I think that Flex has abhuge number of benefits for data driven applications. 
Project organization via packages and extending components, the strengths of AS 
over javascript and control over objects rendered by the runtime. Also the 
ability to create complex animations in Flash professional and import tgem in 
and access via AS. Then there are all of the features you get out of AIR with 
native extensions and stage3d and etc.

The main things I see as hurdles are the rendering issues between the display 
list and the hardware accelerated content, issues with native text inputs and 
slight lag on large lists. Also the webview can't be interacted with so you 
have to just watch the url. There is just general fear about Adobe supporting 
AIR going forward but I think that will be ok. If there was a way to make a 
starling lile list for mobile and some softening of the rougness around the 
native controls I don't know any other comparible cross platform.

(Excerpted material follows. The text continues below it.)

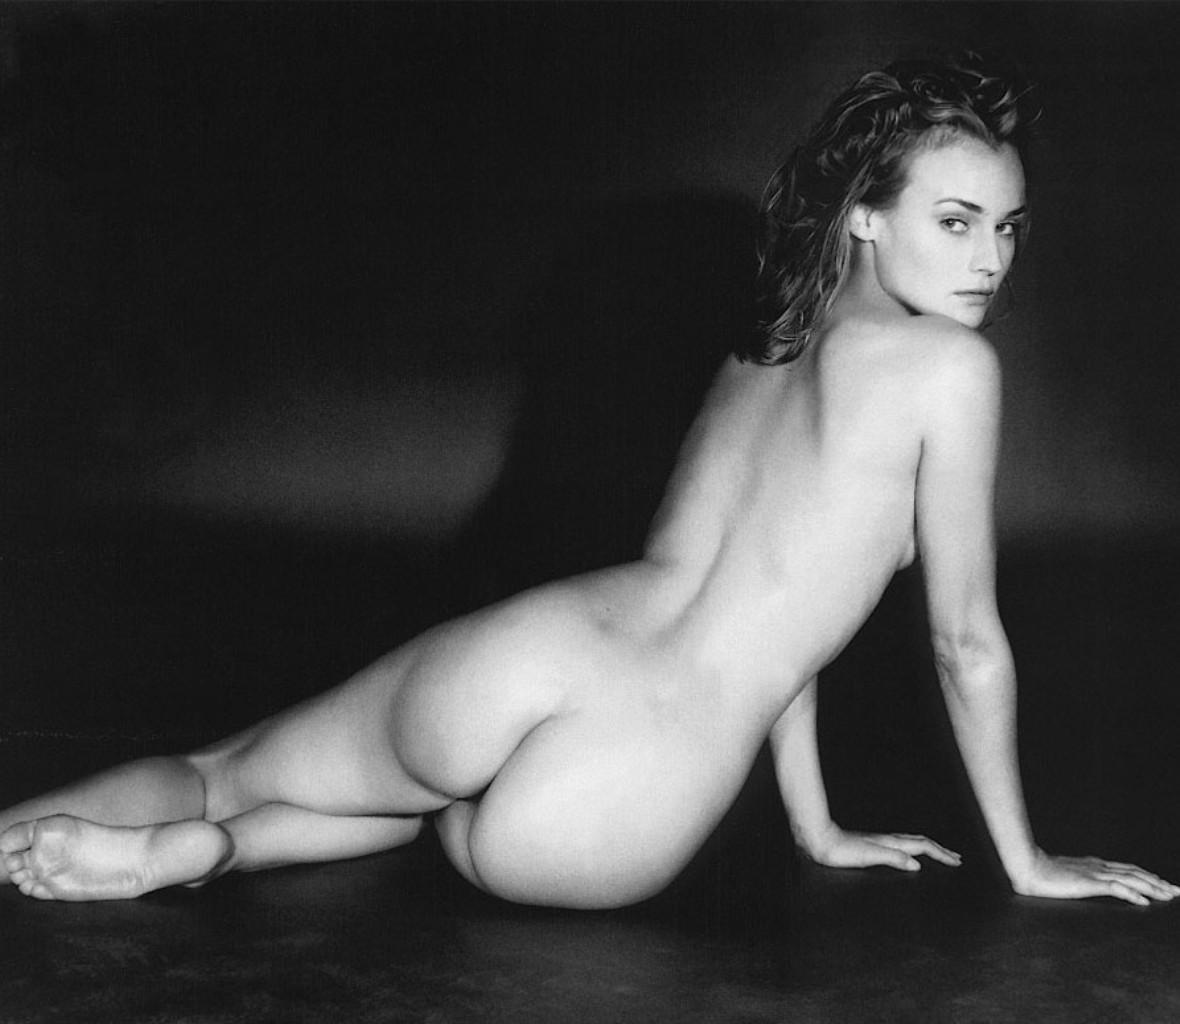 Nude celebs leaked pics pics

-----Original Message-----
From: Tom Chiverton <t...@extravision.com>
To: dev@flex.apache.org
Sent: Thu, 31 Oct 2013 12:08 PM
Subject: Re: Mozilla takes on Flash

On 31/10/2013 16:58, Kessler CTR Mark J wrote:
> I'm guessing outside of this controlled environment, having the general 
> public access to an application would be the uphill battle you have laid out.
It depends on the audience though.
We're deploying to people who, generally, have multi-megabit ADSL-class 
connections as a minimum.
Even the first time hit of ~3meg isn't much off a slow down, and we use 
local RSL for the SDK classes, so at least when we do a release it's 
only a ~800k download until we update it again.